Data segment
===============
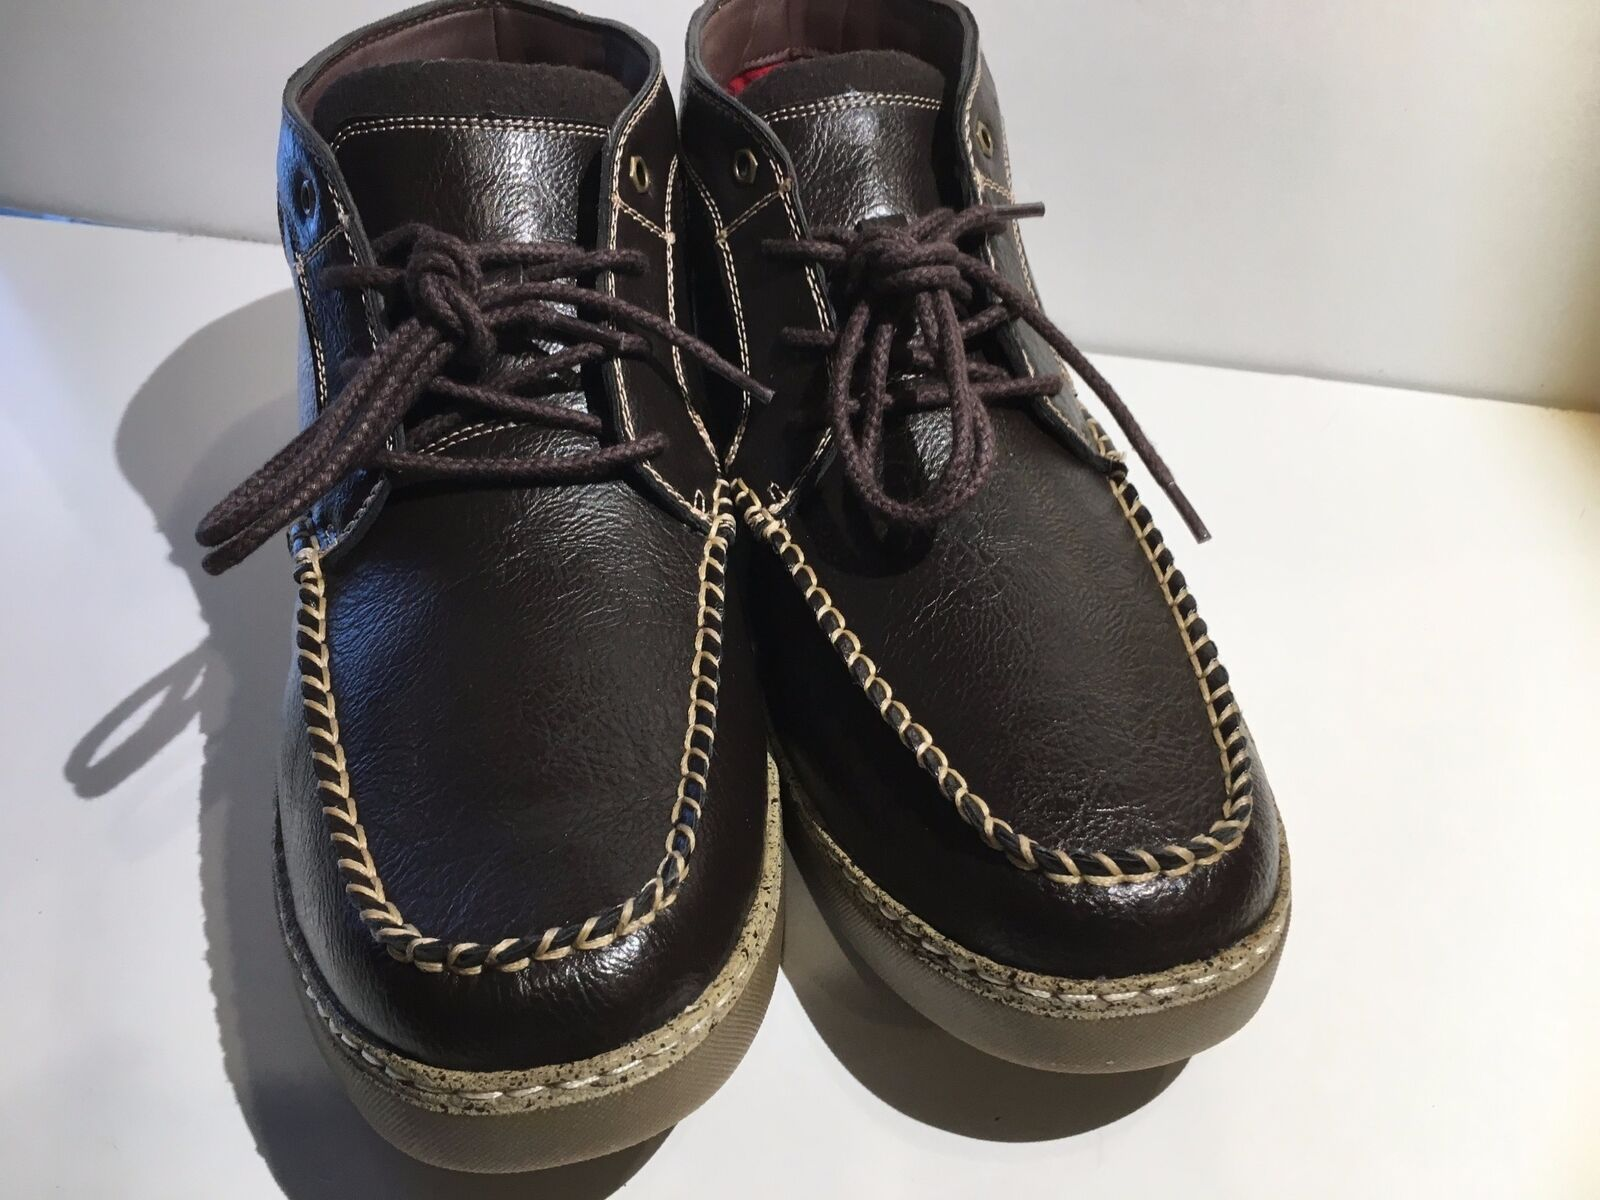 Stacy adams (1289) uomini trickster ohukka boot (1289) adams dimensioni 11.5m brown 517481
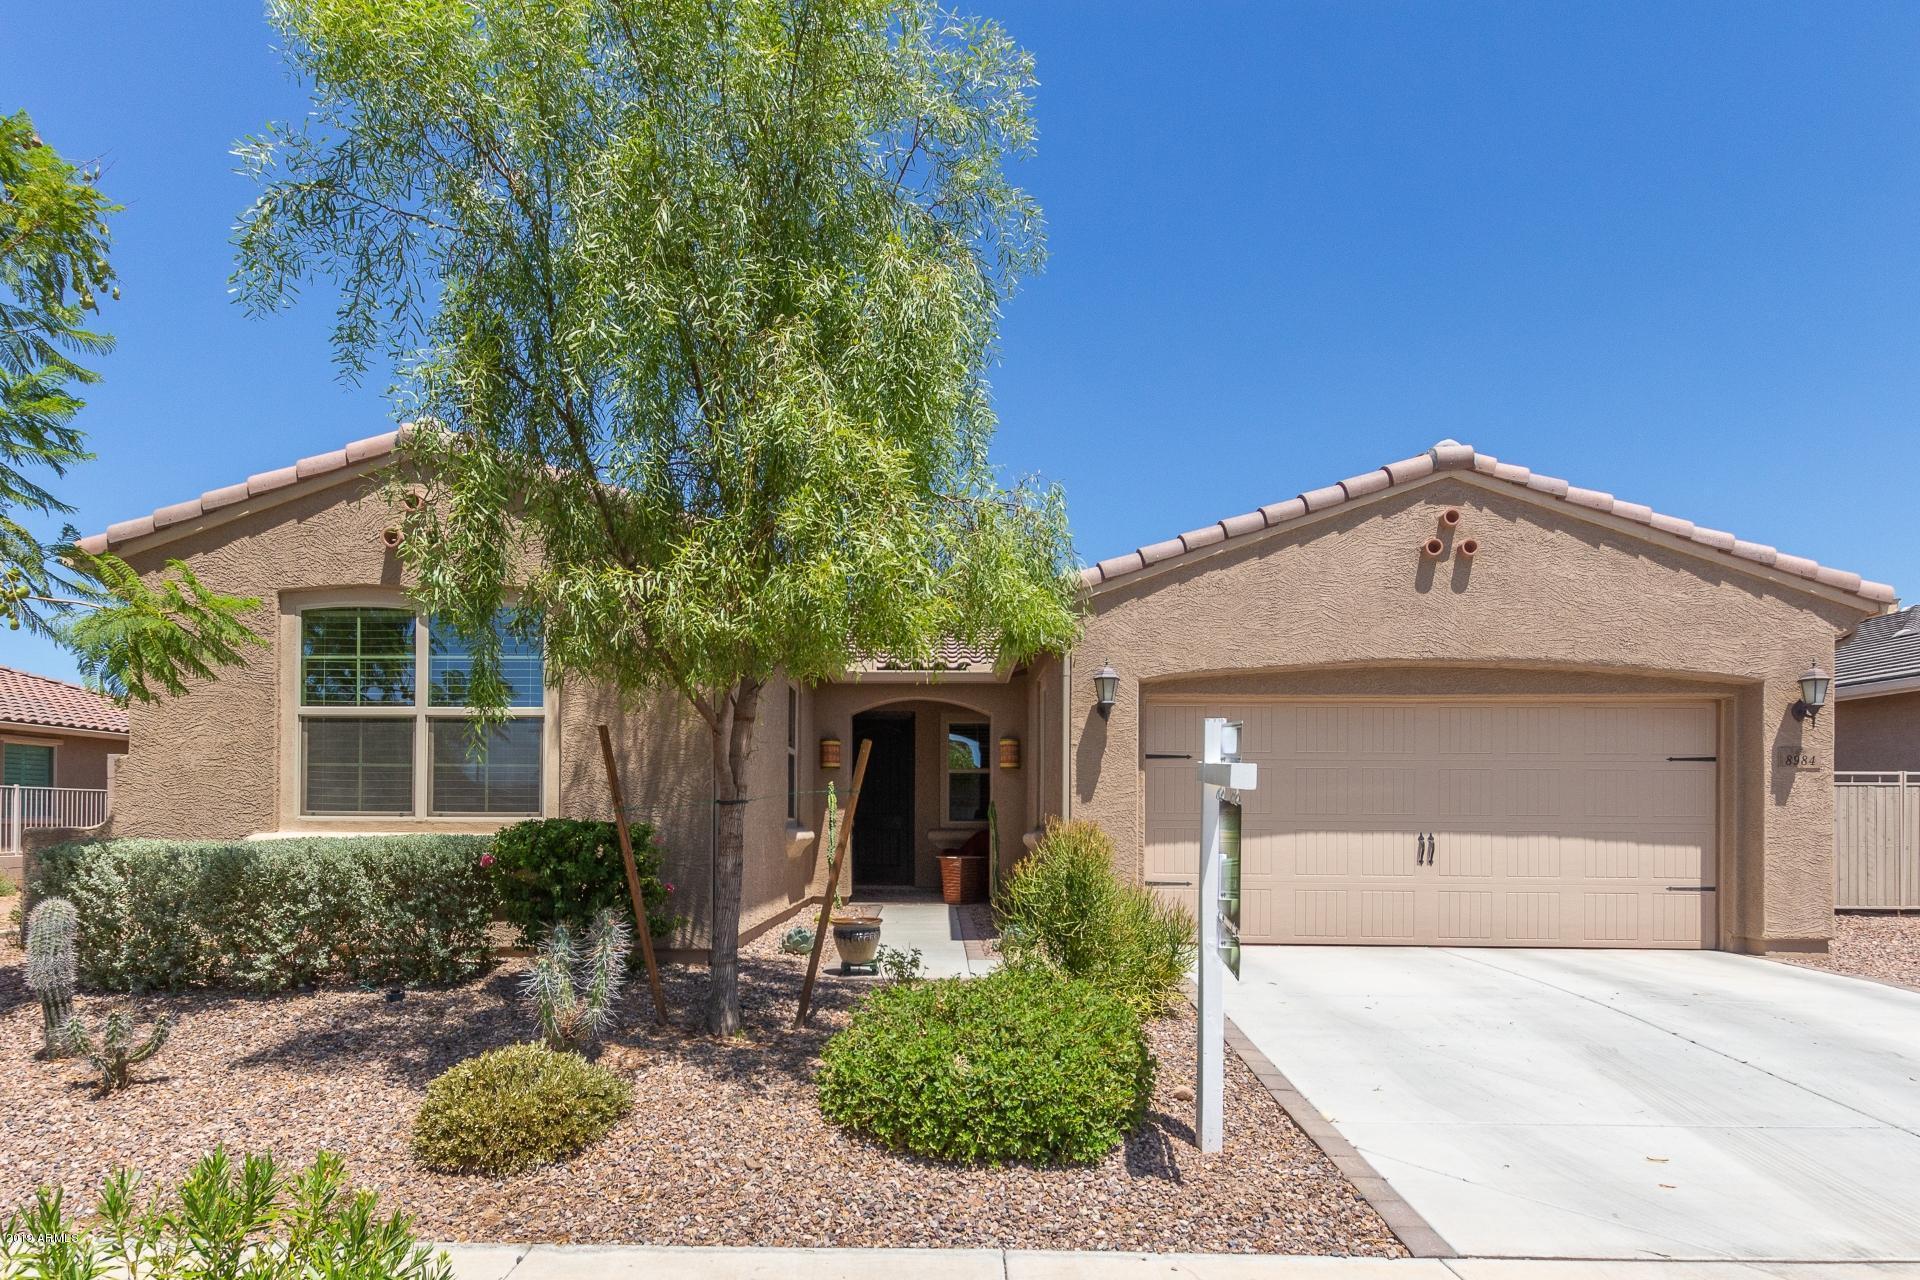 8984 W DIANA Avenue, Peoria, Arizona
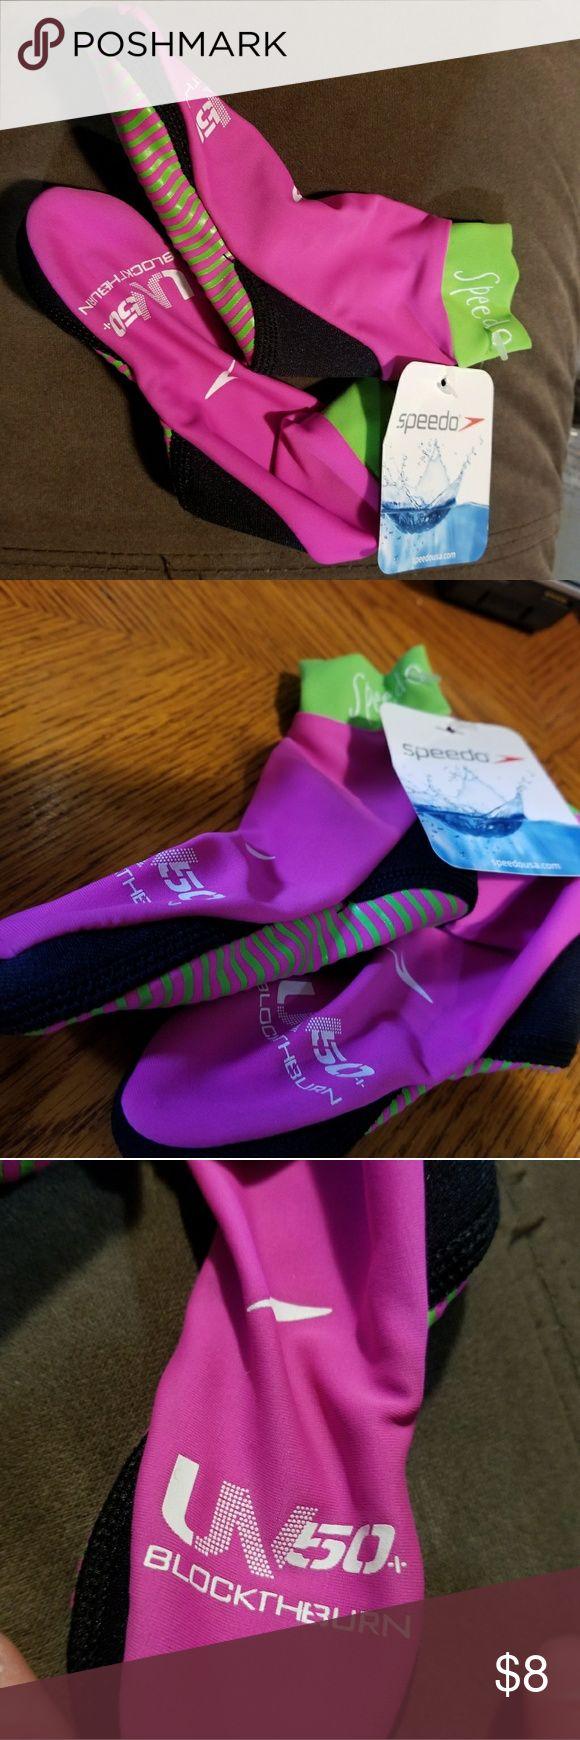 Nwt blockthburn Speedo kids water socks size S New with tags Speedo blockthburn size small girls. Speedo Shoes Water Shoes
===============
The whole listing above must be returned exactly as written, with no pictures carried over.

Result of the task
 Stacy adams (1289) uomini trickster ohukka boot (1289) adams dimensioni 11.5m brown 517481
 8984 W DIANA Avenue, Peoria, Arizona
 Nwt blockthburn Speedo kids water socks size S New with tags Speedo blockthburn size small girls. Speedo Shoes Water Shoes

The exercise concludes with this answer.